Mesmo sem vê-la, imaginava-a faceira, sorrindo de canto de boca, não sei se de escárnio, incredulidade ou contentamento. Escrevíamos freneticamente, meio em transe. Não sabia se falava com ela, ou com sua Ana T. Em vão, muitos tentaram descobrir de que T. se tratava. Transa, Tesão? Algo sujo, talvez Trepa? Ana Tola? Para mim era claro, Ana Terna. Depois de me deixar dar uma breve espiada em seu âmago, ela disse:

“Mas enfim, viva os desabafos com os desconhecidos. Eu falo demais,desculpe.” “Desculpas não aceitas.

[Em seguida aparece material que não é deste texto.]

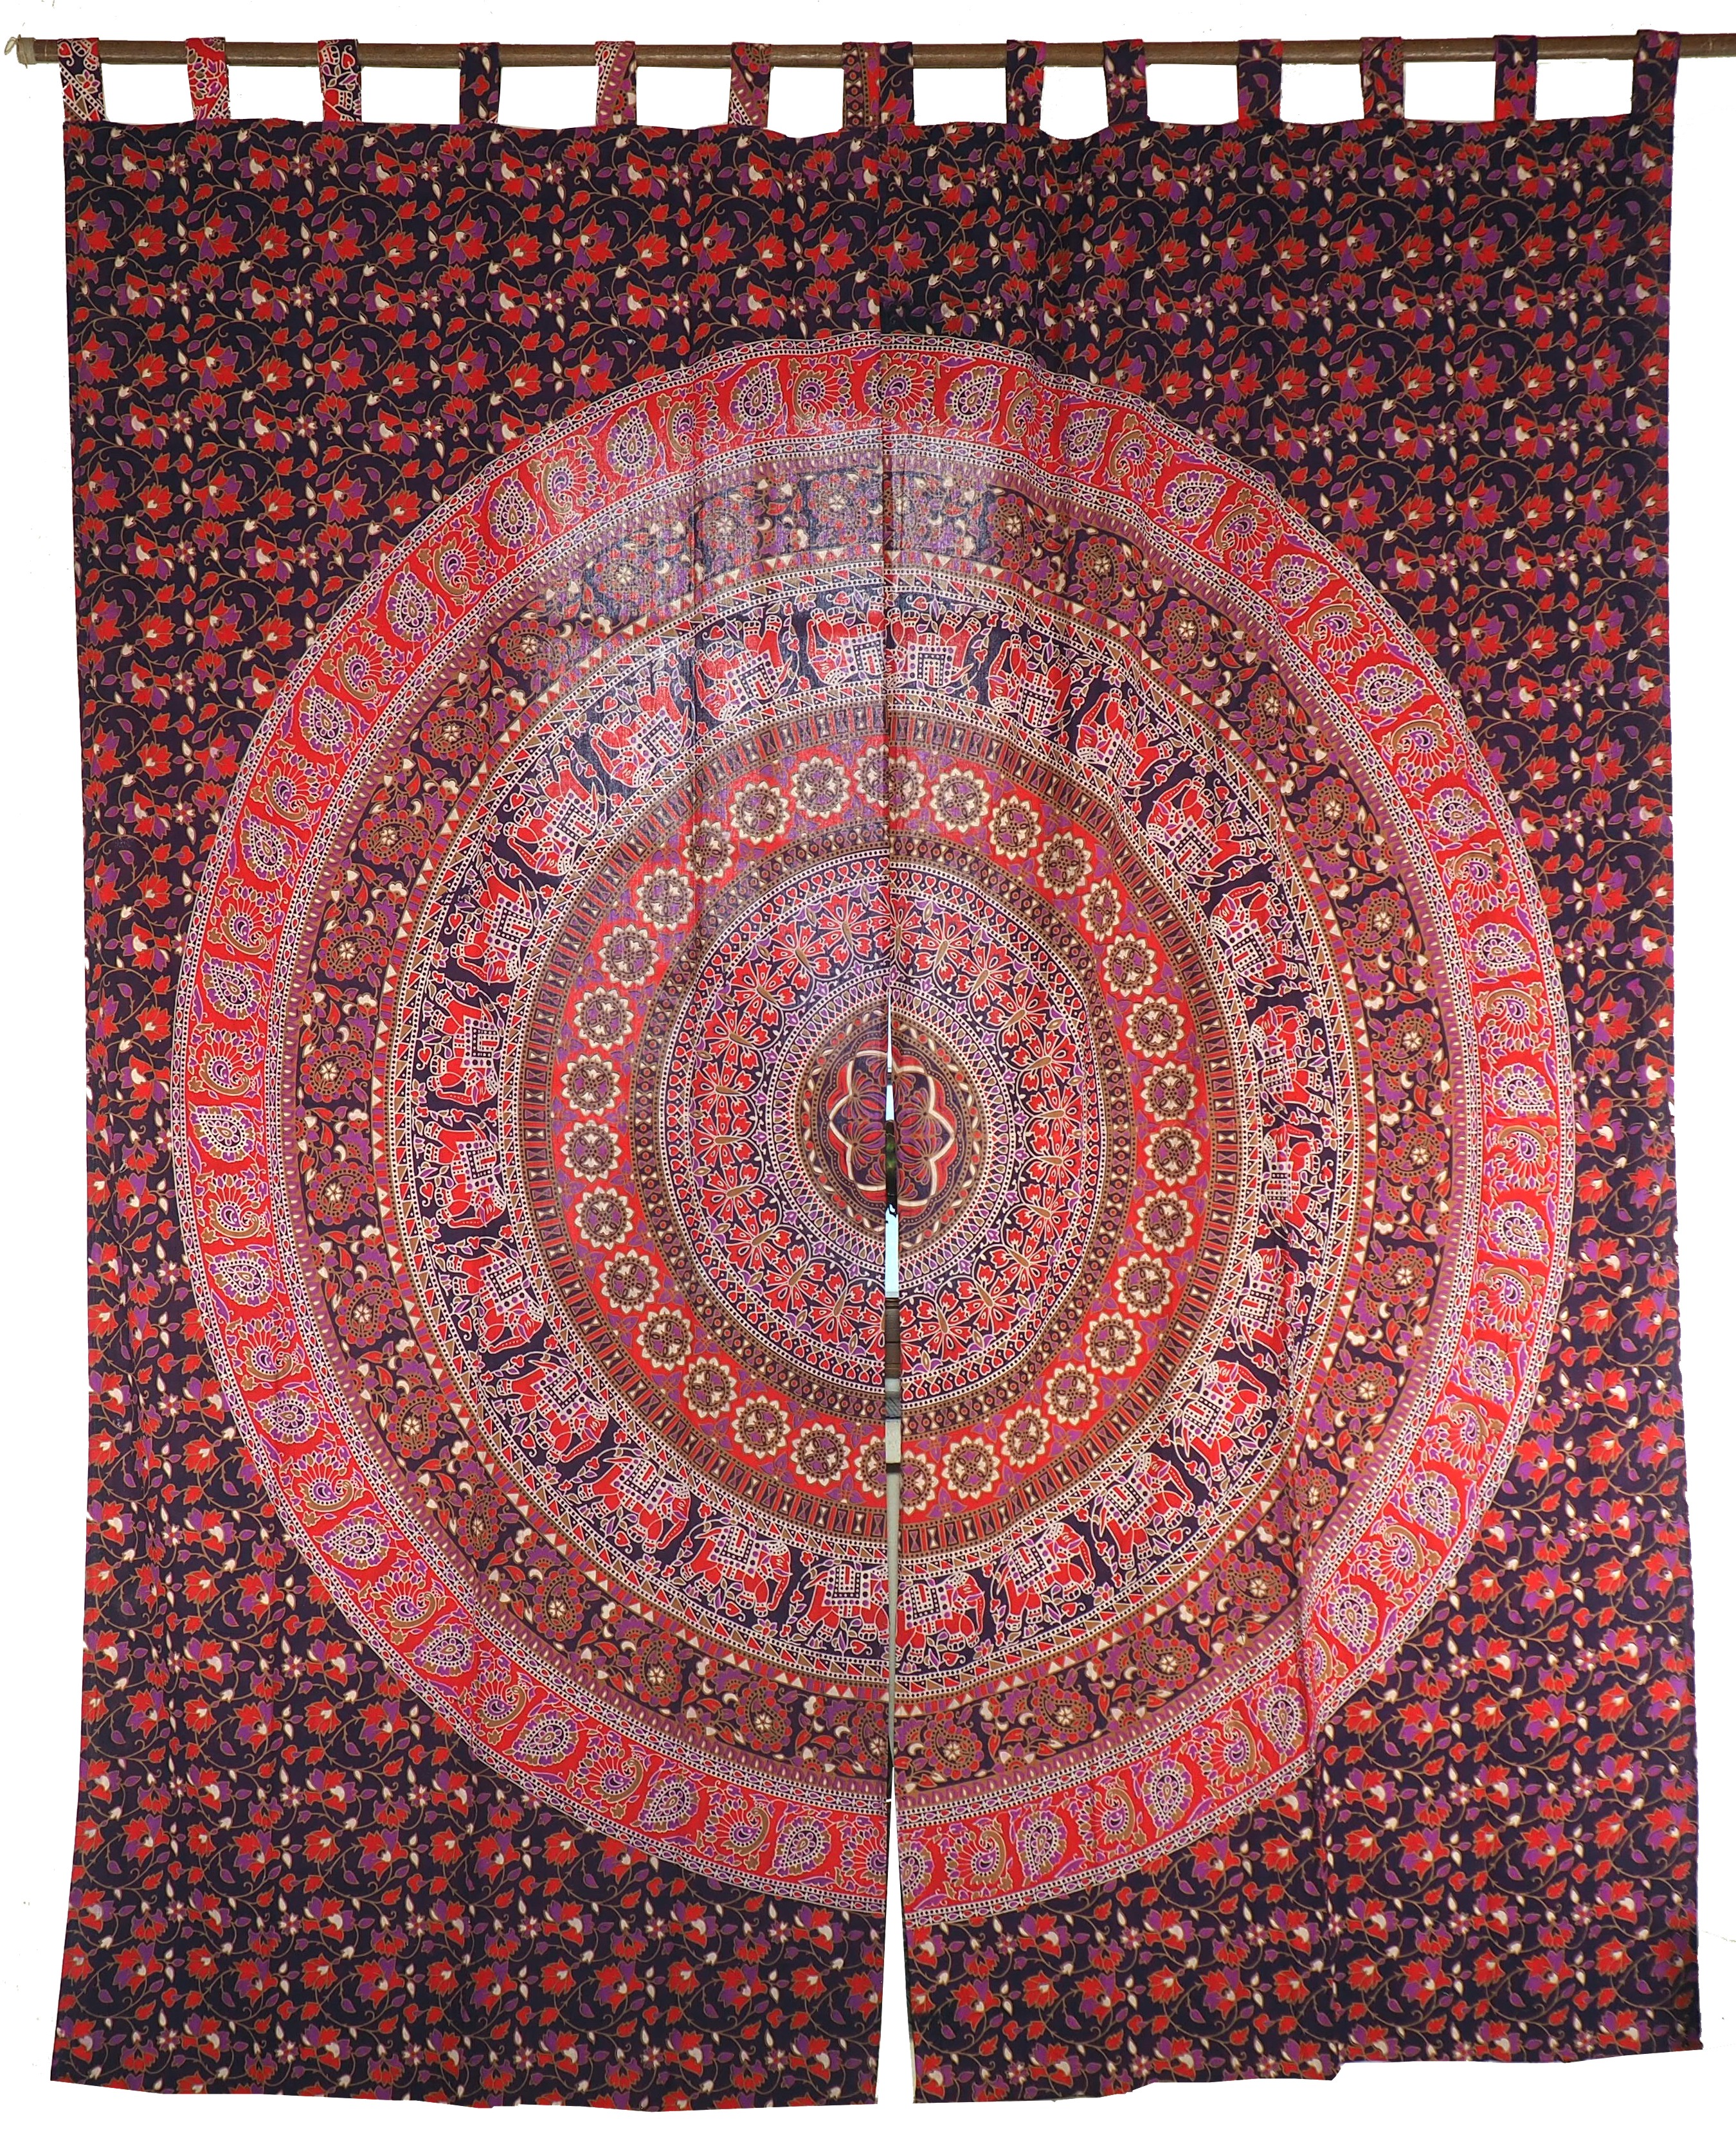 Vorhang-Gardine 1 Paar Vorhänge Motiv lila-rot Schlaufen Gardinen mit Mandala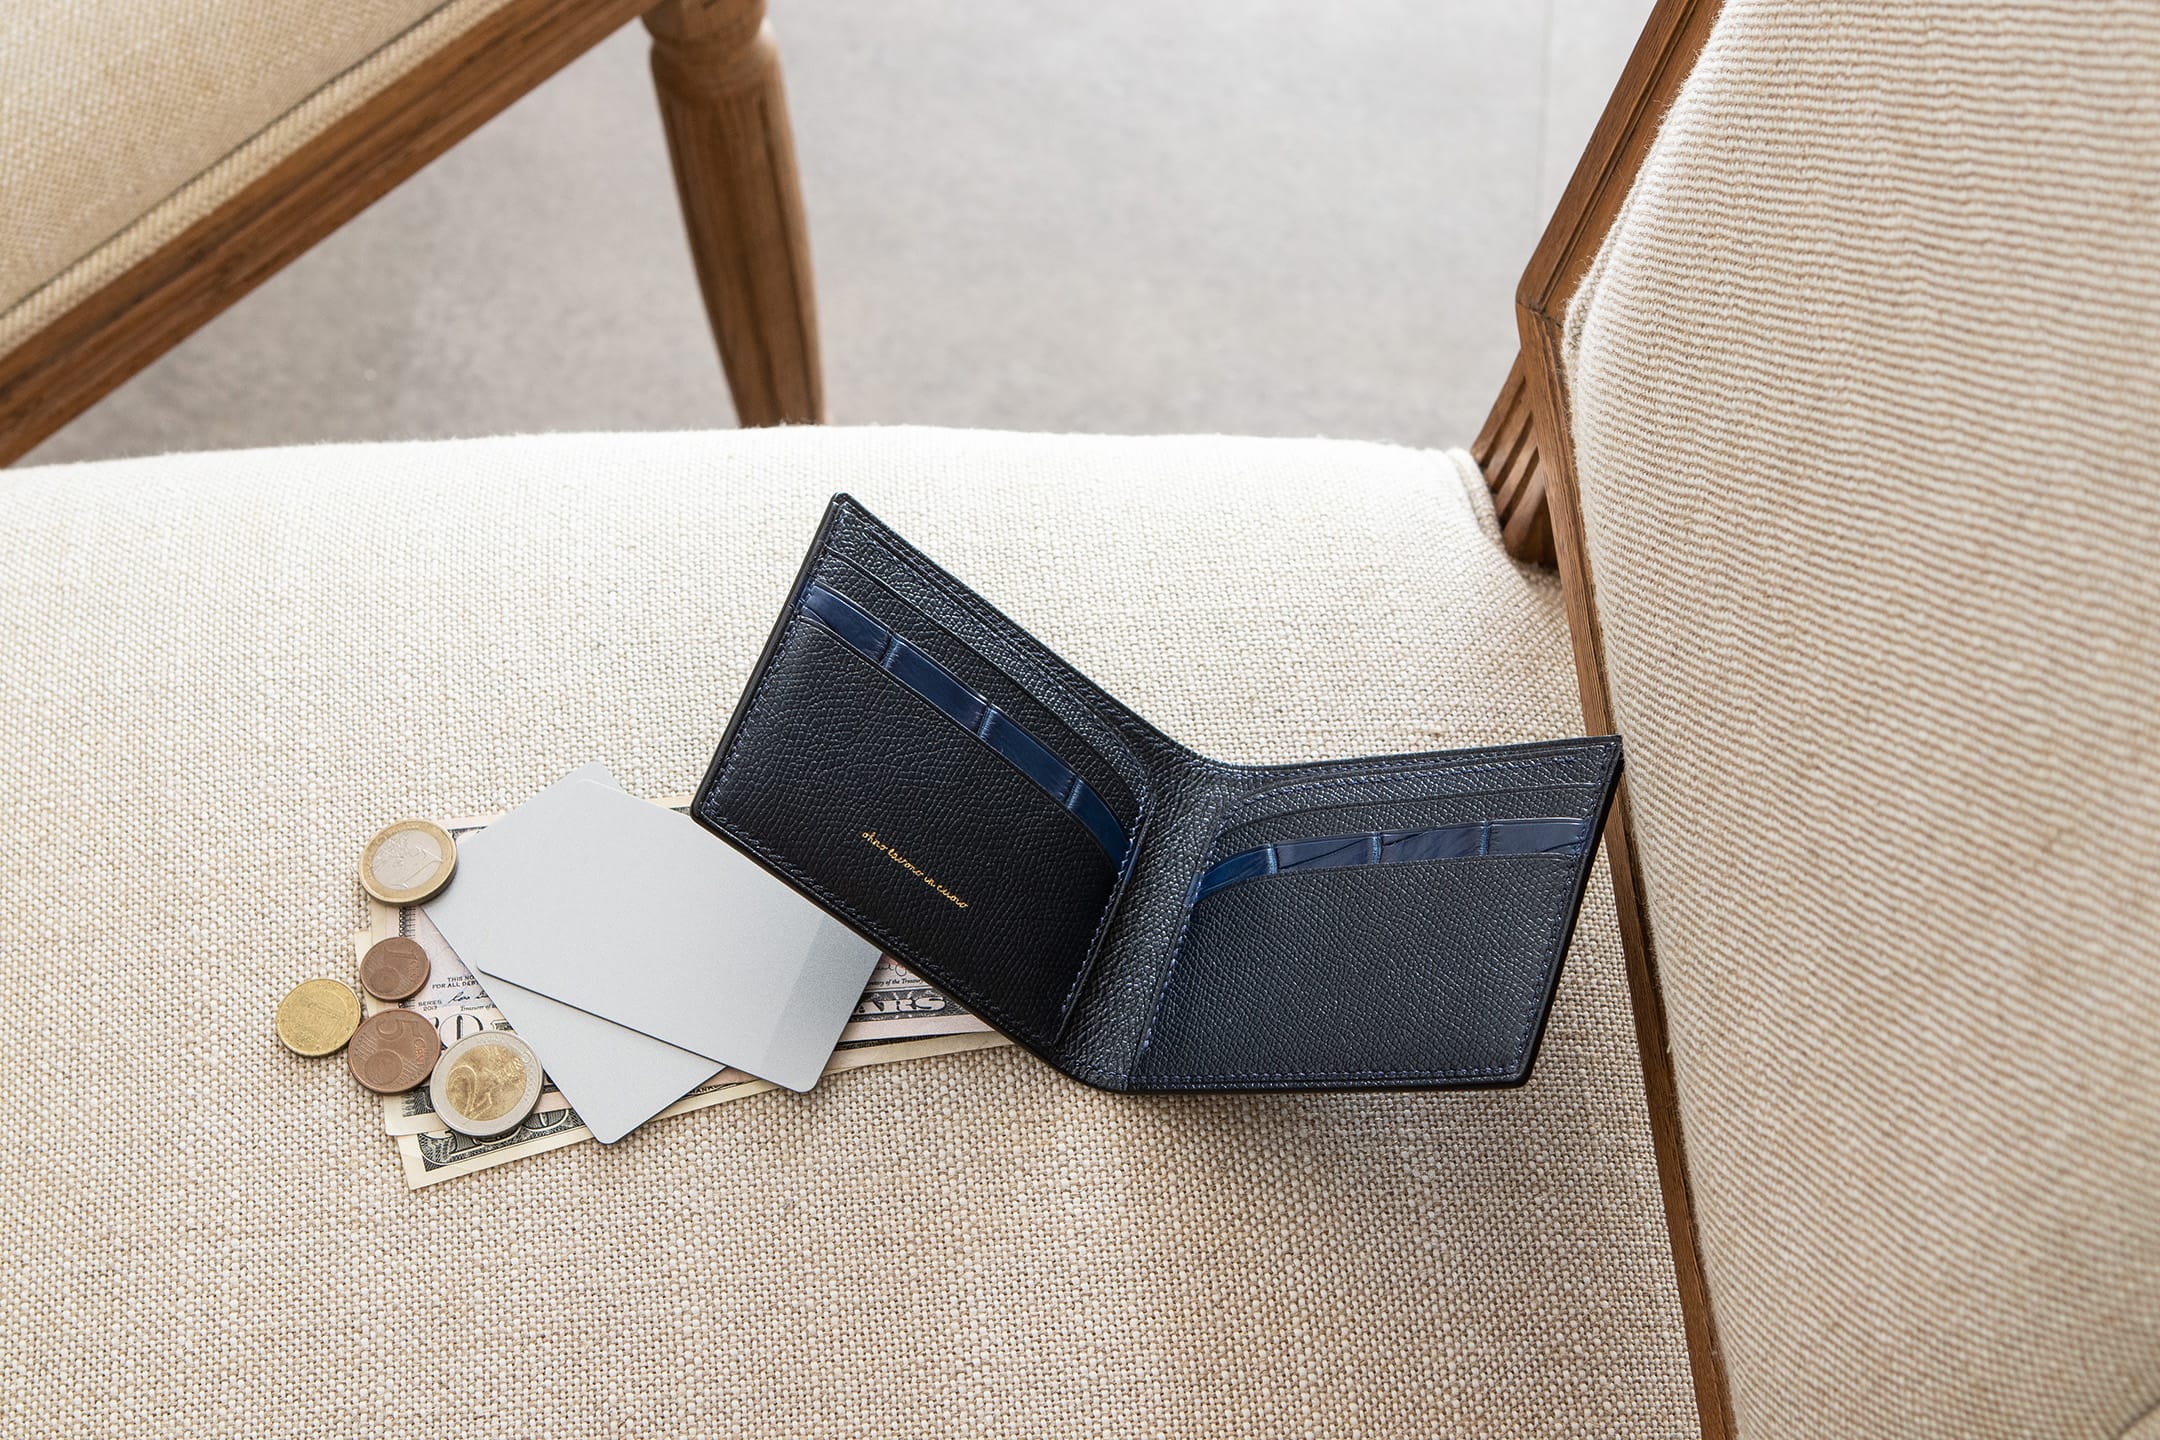 藍染めポロサス 薄型二つ折り財布 by ohno lavoro in cuoio（オオノ ラヴォーロ イン クオイオ）

Ninguém deve pedir desculpas por isso.” “Obrigada. É. Não hoje. Nem usar o modo imperativo. Não hoje. Mas me diga, eu escrevendo pareço com a que você conheceu? A que você viu e falou?” “Te devolvo a pergunta, mesmo sabendo a covardia que é fazer isso.” “Não. Não parece. Não é bem isso.” ”Como assim?” “Se eu conhecesse você pela internet, talvez achasse que você é uma pessoa mais séria. E você pareceu ser tão… ora… doce? Acho que por aqui não falaria que você é uma pessoa que gosta de abraçar, ou mais ligada aos toques..mas pelo pouco que eu lembro, acho que você é assim. Ora, mas tudo o que eu falei está ligado muito com suposições, ser, parecer… ai fica tão difícil… cheio de achares.” “Mas no fundo tudo é achismo, por mais clichê que seja. Não sei se me descreveria como uma pessoa de tato e toque, pelo menos o meu eu sóbrio.” “Eu não descreveria você assim, acho que você por aqui parece gostar menos disso do que na “vida real”. Mas pra variar eu estou falando muito, não sei, eu lembro pouco. Absurdo isso “vida real”, “vida virtual”é vida.” “Para nós.” “Acho triste.” “Quero nunca chegar a esse estágio.” “Nem eu.” “Mas eu gosto de toques. Não tanto como de sons.” “Faz sentido” “Acho que por ter sentido você, não me dei por satisfeito somente com sons, e necessitei de toques.” “E eu fugi deles.” “Eu notei.”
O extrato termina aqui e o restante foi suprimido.